Using Pearson residuals to validate models

Hello,
I have being using brms to fit various GLMs. Coming from Frequentist statistics, I always validate the models through a residual analysis using either Pearson or deviance residuals that should be normally distributed (for reasonably large sample sizes) when the model fits well the data.
(I hasten to point out that neither Pearson nor deviance residuals work well for binary or count GLMs, and randomized quantile residuals obtained by simulation should used instead; I can provide references if needed)
In Bayesian stats we no longer have a single residual per data point but a posterior distribution of residuals per data point. It is easy enough to obtain the mean of each residual for all data points and to plot them against the mean of the fitted values for each data point, and to make a QQ plot to assess their normality.
After this long preamble (sorry), here are my two questions:

  1. the current version of brms_2.13.5 says that Pearson residuals are soon going to be deprecated. Can anybody explain why this would be so and what residuals would be put in place?
  2. I wonder if (and somewhat fear that) the central limit theorem would unavoidably make the average Pearson residuals to be normally distributed even for badly fitting models.
    I know that I am somewhat transposing the procedure of Frequentist residual analysis to the Bayesian realm. Is this wrong or plain silly?
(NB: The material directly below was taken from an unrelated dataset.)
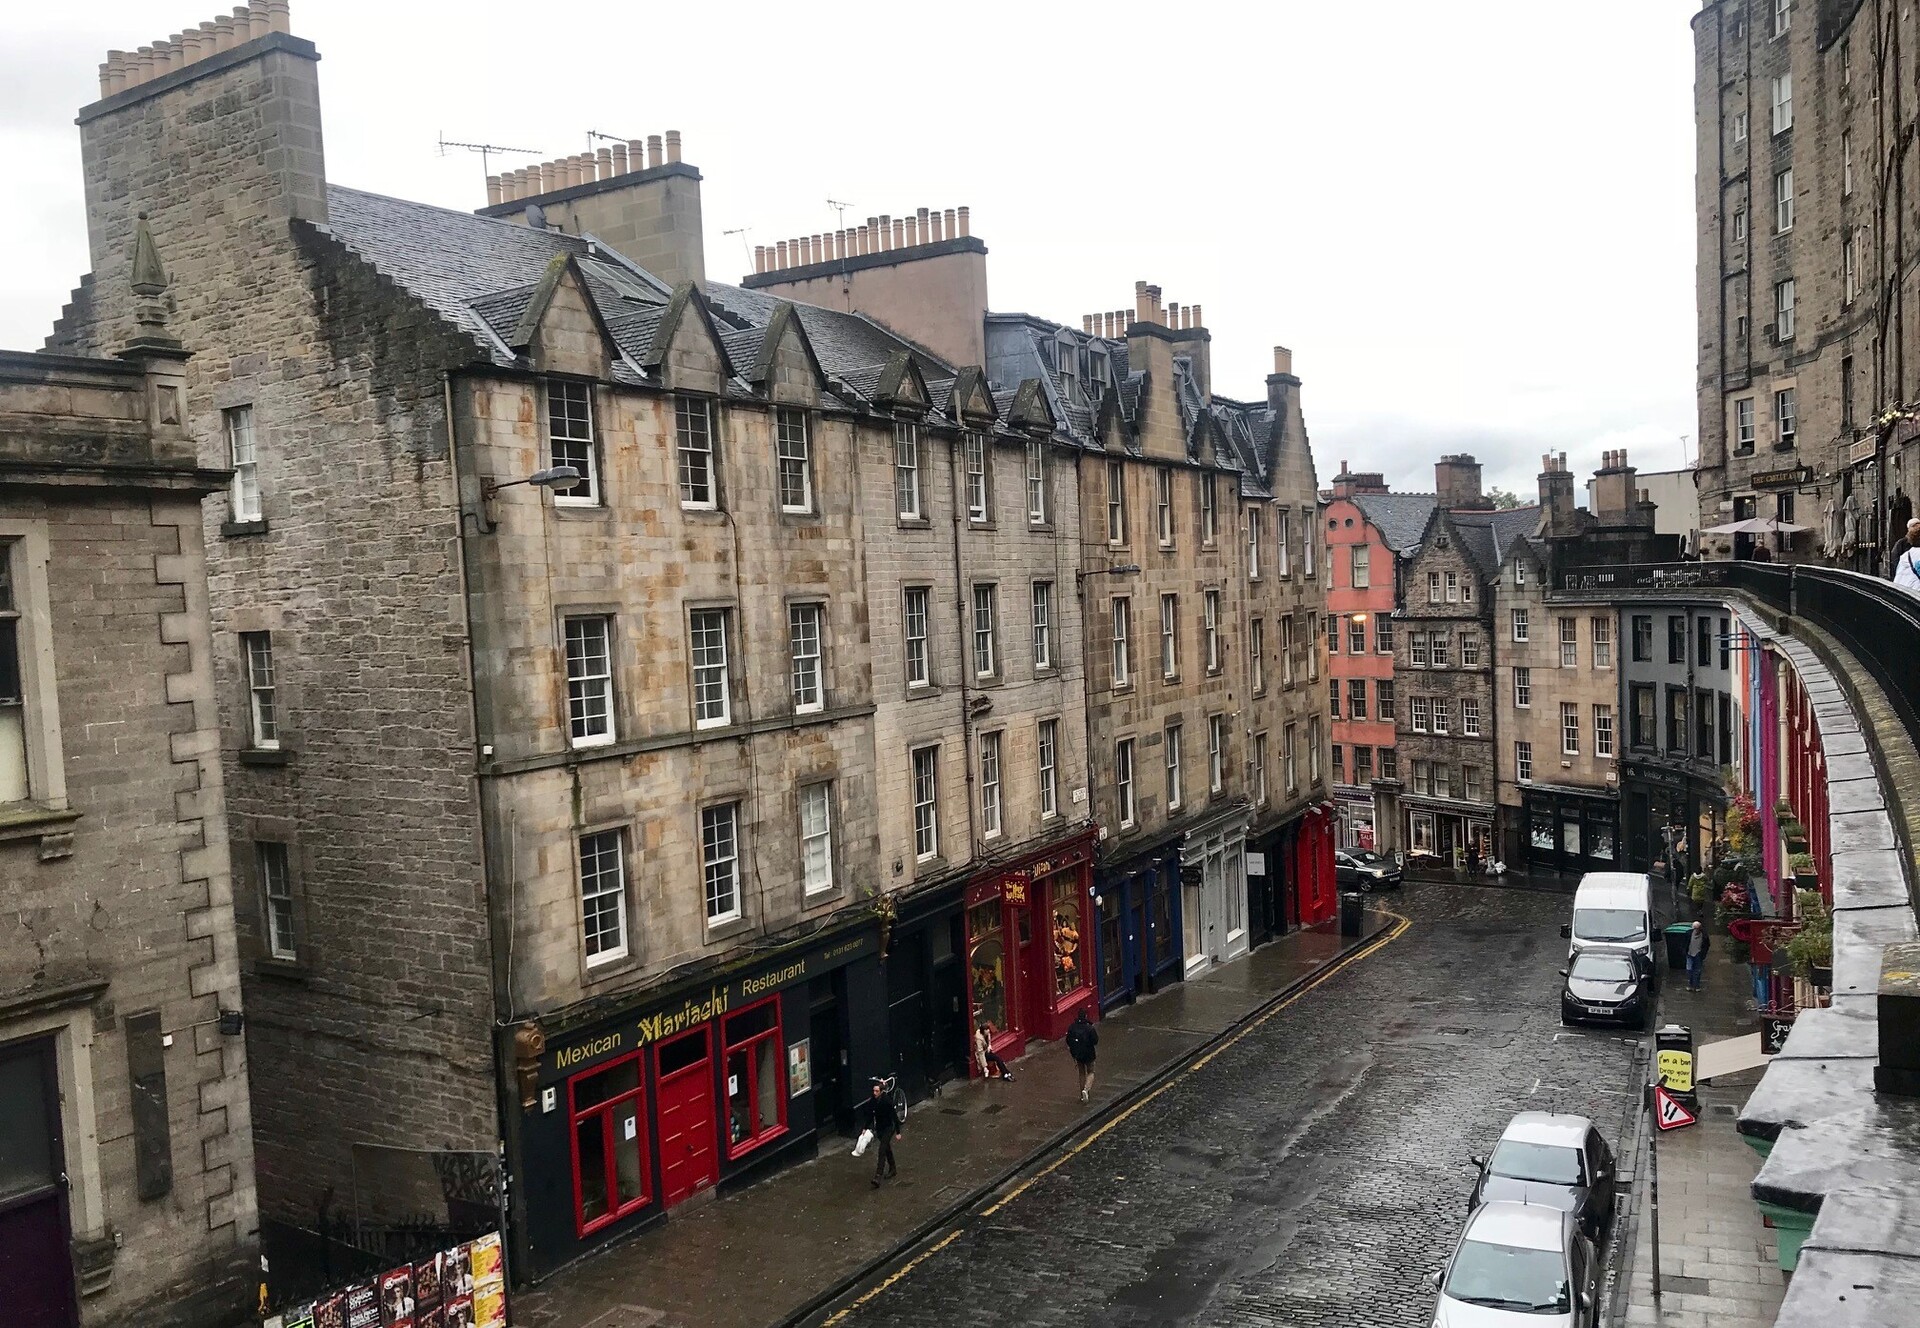 Victoria Street, em Edimburgo, foi a inspiração para o Diagon Alley, de Harry Potter

Bayesians would not seem to use residual analysis for model validation for reasons that I ignore, and they might seem to prefer other means of validation based on posterior predictive distributions.

I would appreciate any comments and suggestions on these queries.
Cheers

PAblo

1 Like

There are some posts about best practices with model checking in a Bayesian Workflow. Here is one: https://www.monicaalexander.com/posts/2020-28-02-bayes_viz/ but there are others.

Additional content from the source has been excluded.